Max Fink, MD Receives Lifetime Achievement Award from the Society for ECT

Max Fink, MD and Georgios Petrides, MD

May 27, 2014 –The International Society for ECT and Neurostimulation (ISEN), the successor society to the Association for Convulsive Therapy, presented a Lifetime Achievement Award to Stony Brook Professor Emeritus Max Fink at the society’s annual meeting on May 4, 2014.  Dr. Fink is internationally renowned for his leadership in ECT treatment, research and advocacy over the course of six decades.

The award was presented by ISEN President, Georgios Petrides, MD, who studied with Dr. Fink during his years as a resident and fellow in Stony Brook University’s Department of Psychiatry.

At the presentation, Edward Shorter, PhD, FRSC, Professor of the History of Medicine at the University of Toronto and a frequent collaborator with Dr. Fink, recalled some of Dr. Fink’s major accomplishments: his pioneering work at Hillside Hospital with Donald Klein, MD on the effectiveness of the new antipsychotic medications in the early sixties; his breakthrough studies with Turan Itil, MD on the effects of psychotropic drugs on the human EEG; his spirited defense of ECT against waves of attacks in the 1970’s, ‘80’s and beyond; his publication of the first modern manual on the use of ECT in 1979; his founding of the ECT journal Convulsive Therapy in 1984; his publication, with Michael Taylor, MD, of Catatonia in 2003 and Melancholia in 2006; and his successful fight to have catatonia recognized as an independent diagnosis in the DSM-5.

Dr. Shorter also cited Dr. Fink’s studies of narcotics and their antagonists and his experiments with marijuana and hashish in Athens, Greece and New York, studies supported by Stanley Yolles, then Director of the NIMH.  These studies led to his invitation to join the Stony Brook faculty when Dr. Yolles became the first chairman of the Department of Psychiatry. 

During the course of his presentation, Dr. Shorter mentioned Dr. Fink’s birth in Vienna in 1923, his service as a ship surgeon upon completing service in the US Army Medical Corps in 1946; the qualification in psychoanalysis by the William Alanson White Institute in 1953, and the beginning his full time academic career when he established the Department of Experimental Psychiatry at Hillside Hospital in 1954.

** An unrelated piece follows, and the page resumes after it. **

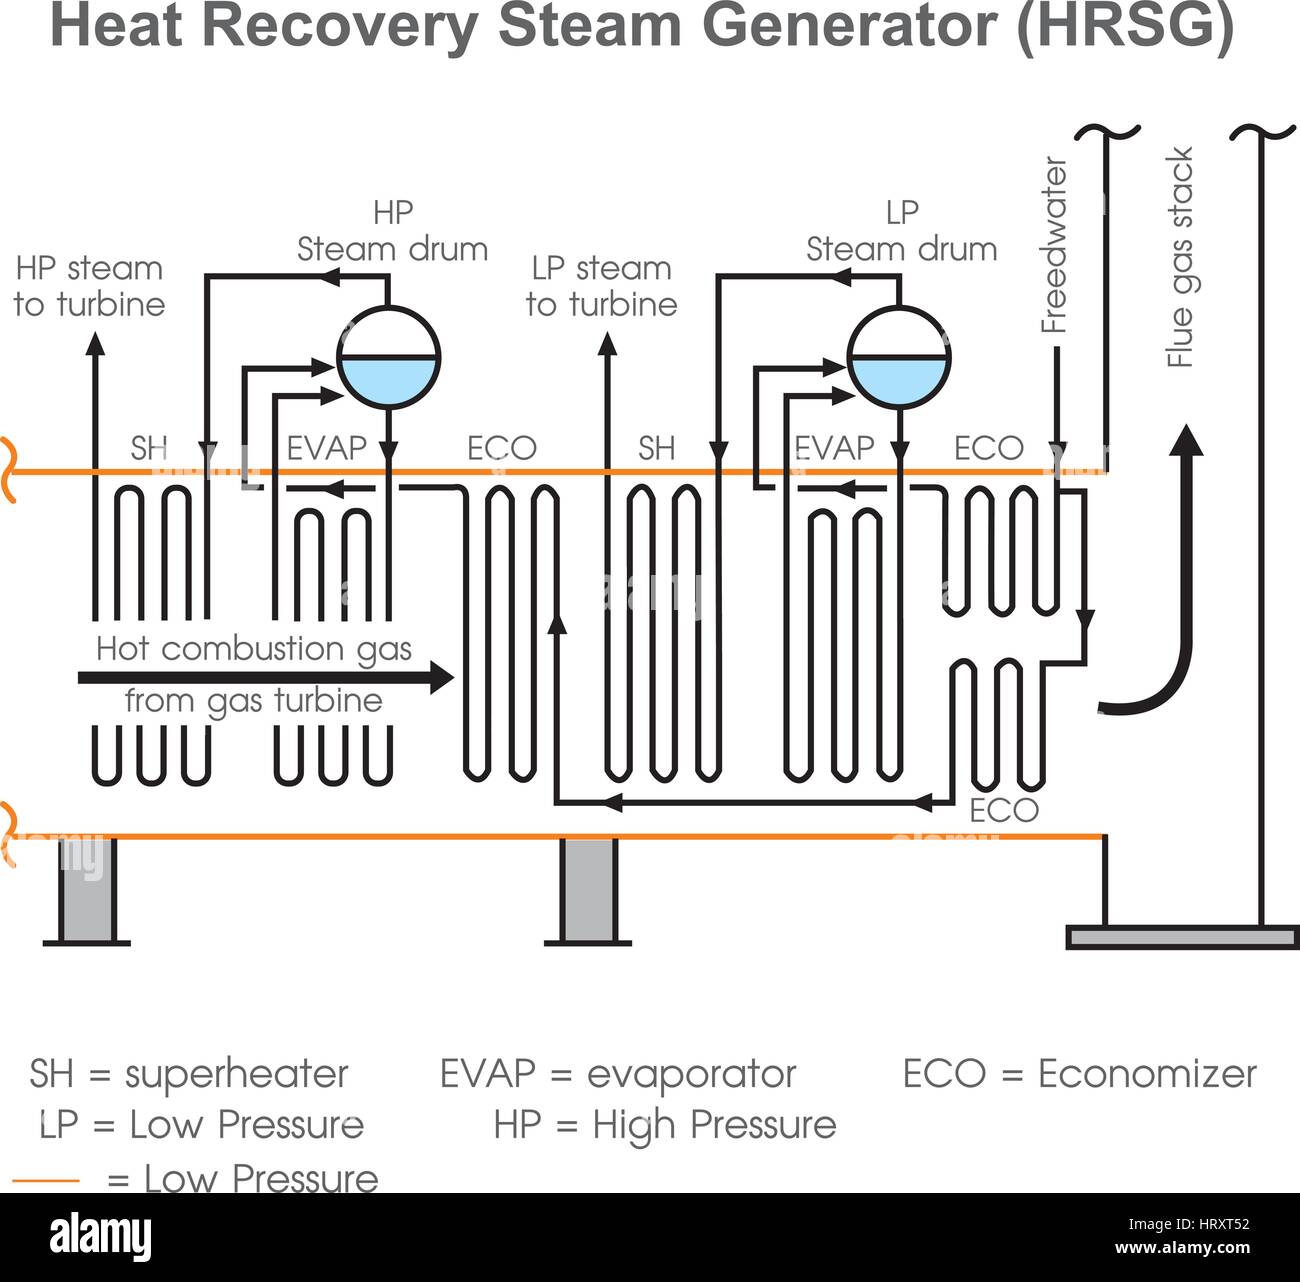 Un generador de vapor por recuperación de calor (HRSG) es un intercambiador  de calor de recuperación de energía que recupera el calor de una corriente  de gas caliente. Produce vapor que puede

The key to Dr. Fink’s success, Dr. Shorter said, is that he “thinks of psychiatry as a scientific field with the same evidentiary requirements and progress through hypothesis-construction that characterizes the rest of medicine.” 

In his first years at Stony Brook Dr. Fink established the Department’s Laboratory of Pharmaco-electroencephalography. He conducted research in drug treatments and EEG when the Department’s clinics were at Central Islip State Hospital and the Northport VA.  In 1980 he established the ECT Service on 10-North. For the next 17 years, he encouraged the residents and fellows to publish not only in ECT but clinical studies in catatonia, melancholia, and delirium.